In 1776, Wolfgang Amadeus Mozart composed three piano concertos, one of which was the Concerto for three pianos and orchestra in F major, No. 7, K. 242. He originally finished it in February 1776 for three pianos; however, when he eventually recomposed it for himself and another pianist in 1780 in Salzburg, he rearranged it for two pianos, and that is how the piece is often performed today. The concerto is often nicknamed "Lodron" because it was commissioned by Countess Antonia Lodron to be played with her two daughters Aloysia and Giuseppa. The third piano part, intended for the younger daughter, is more moderate in its technical demands.

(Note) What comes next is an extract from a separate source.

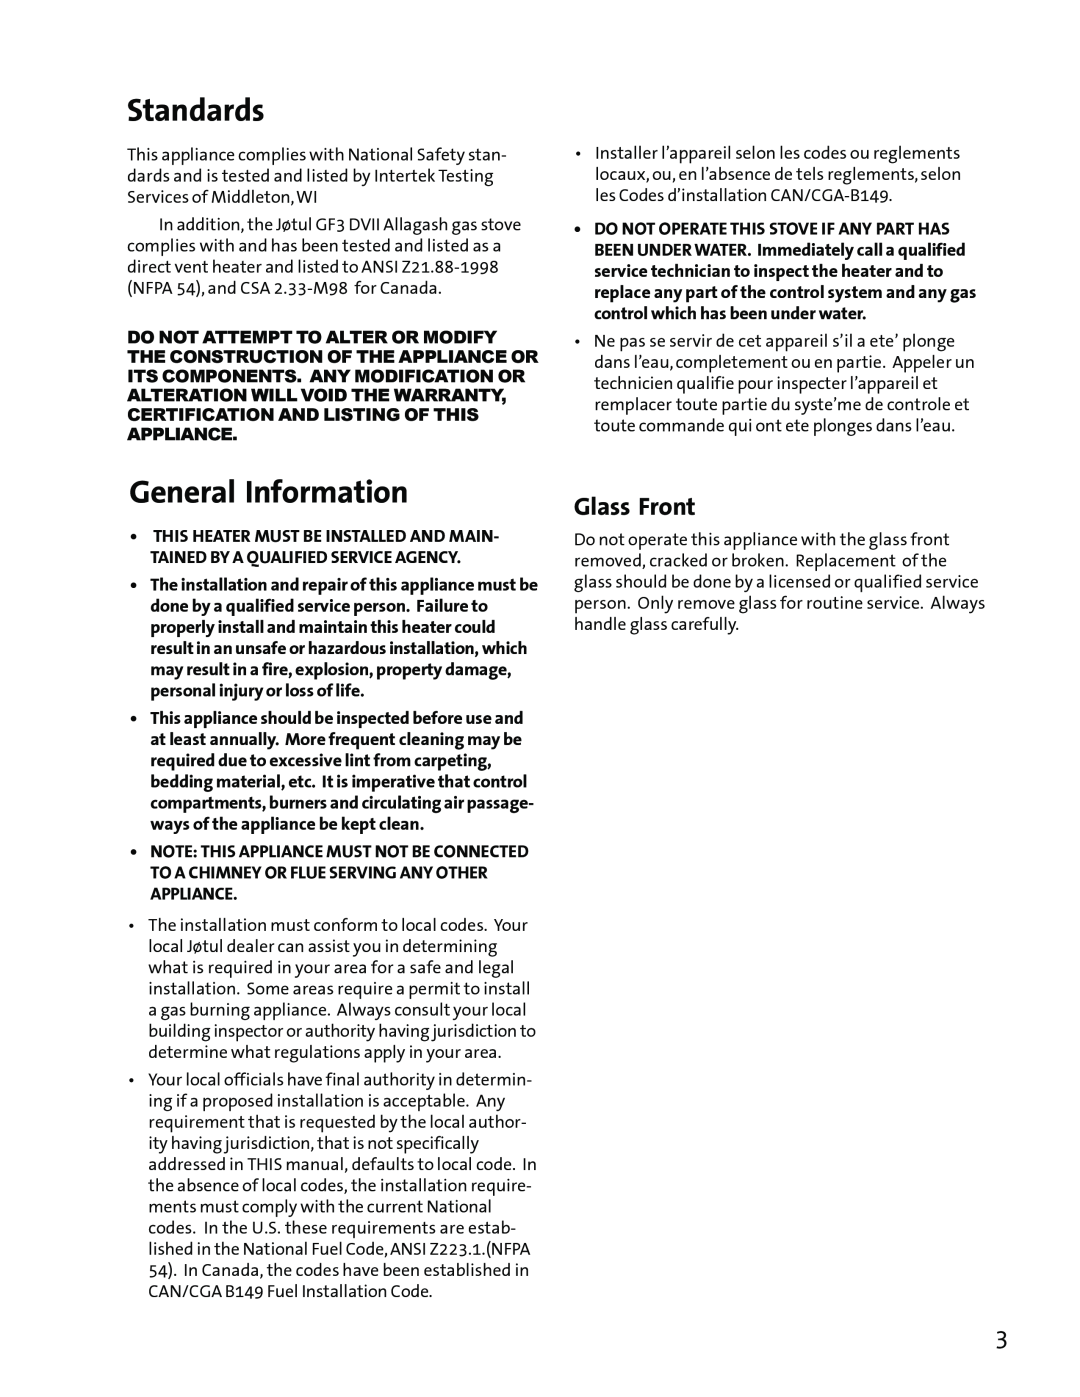 Jotul GF3 DVII manual Standards, General Information, Glass Front

The concerto is scored for 2 oboes, 2 horns, 3 solo pianos and strings. It has 3 movements:

Allegro 
Adagio in B-flat major 
Rondo: Tempo di minuetto 

Girdlestone, in his Mozart and his Piano Concertos, describes the concerto and compares one of the themes of its slow movement to similar themes that turn up in later concertos – especially No. 25, K. 503 – in more developed forms.

The first British performance was given by the New Queen's Hall Orchestra at The Proms, Queen's Hall on 12 September 1907. The soloists were Henry Wood, York Bowen and Frederick Kiddle, under the baton of Henri Verbrugghen.

References

External links 

Article, source for dates above. Quotes Alfred Einstein's Mozart: His Character, His Work. Einstein discusses the work briefly – two lines in two pages – dismissing it as the least of Mozart's concertos with piano.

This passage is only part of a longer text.